Выбрать главу

При скудости нашей в подробных и личных сведениях о многих годах из жизни Фон-Визина можем почесть особенным счастием, что имеем возможность рассказать читателям нашим, как провел он свой последний, предсмертный вечер. Живой рассказ наш взят со слов очевидца и собеседника его. Нам уже известно, что автор наш был в приятельских связях с Державиным, с которым в подобных же отношениях был и И. И. Дмитриев, оставивший в записках своих краткие, но мастерски обрисованные и занимательные заметки о личности и характере великого поэта. По изъявленному Фон-Визиным желанию Державин познакомил его с Дмитриевым. По возвращении из последней поездки в Белоруссию, куда вызвали его хозяйственные дела и тяжба, страдалец выезжал всегда в сопровождении двух молодых Шкловских воспитанников, служивших ему вожатыми и чтецами. Грустно было первое впечатление при встрече с сею едва движущеюся развалиною. Но и она была еще озарена не совсем угасшим пламенем умственной и внутренней силы. Он был еще словоохотлив и остроумен. Литература до последнего дня его была ему живым источником веселых вдохновений, бодрости и забвения житейских недугов и лишений.
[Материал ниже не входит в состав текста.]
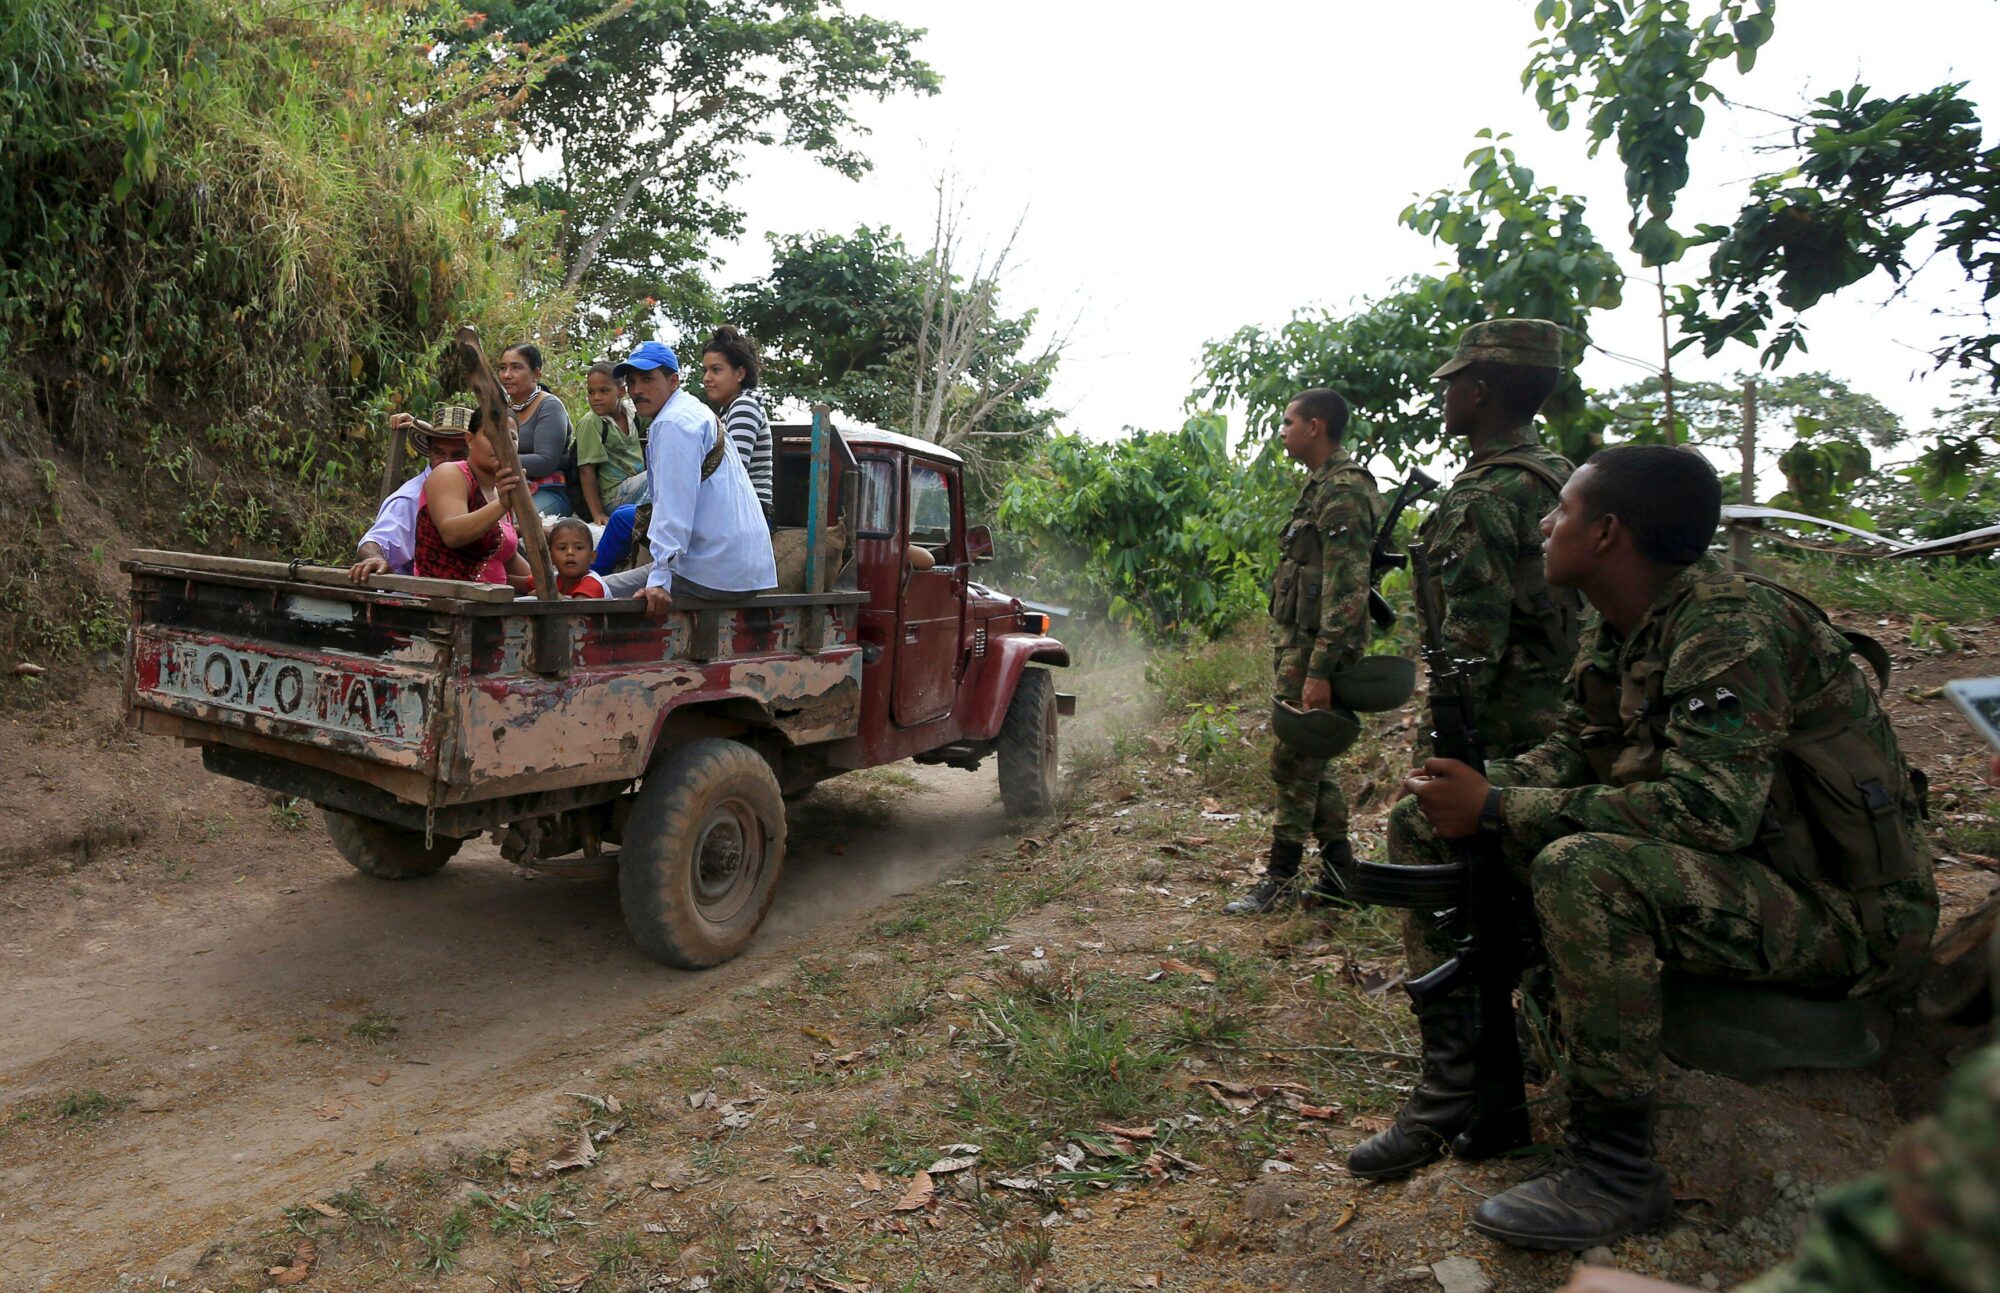 <p>Colombian soldiers stand guard as families displaced by violence return to coffee plantations in Cesar department, many of which were abandoned in 2002 during conflict between the government and FARC rebels. Research has sought to explore the links between control and use of natural resources and armed conflict in country. (Image: José Gomez / Alamy)</p>

Параличом разбитый язык его произносил слова с усилием и медленно, но речь его была жива и увлекательна. При этом свидании он, между прочим, забавно рассказывал о каком-то уездном почтмейстере, который выдавал себя за усердного литератора и поклонника Ломоносова. На вопрос же, которая из од его ему более нравится, отвечал он простодушно: «Ни одной не случилось читать». Ответ забавный, но, впрочем, в наше время не удивительный. Если бы ныне допросить многих из так называемых критиков наших, которые повелительно рядят и судят о Ломоносове и о других, по их мнению, допотопных явлениях словесности нашей, то и они добросовестно должны были бы сознаться, что и им не пришлось читать ни Ломоносова, ни Петрова, ни Сумарокова, ни Хераскова, ни Богдановича, которых, однако же, перечитывали и изучали Жуковский, Батюшков и Пушкин. Для нового поколения нашего, которое до головокружения, беспамятства и одышки бежит за успехами века, для этих почтмейстеров новейшей литературы, озабоченных также гоньбою времени, некогда и не для чего оглядываться обратно. Они знают, и то мимоходом, только тех проезжих, которые налицо, а вчерашние давным-давно канули для них в вечность. Но обратимся к нашему рассказу и для большего удовольствия читателей уступим место самому рассказчику и приведем отрывок из собственноручных записок его, еще не изданных.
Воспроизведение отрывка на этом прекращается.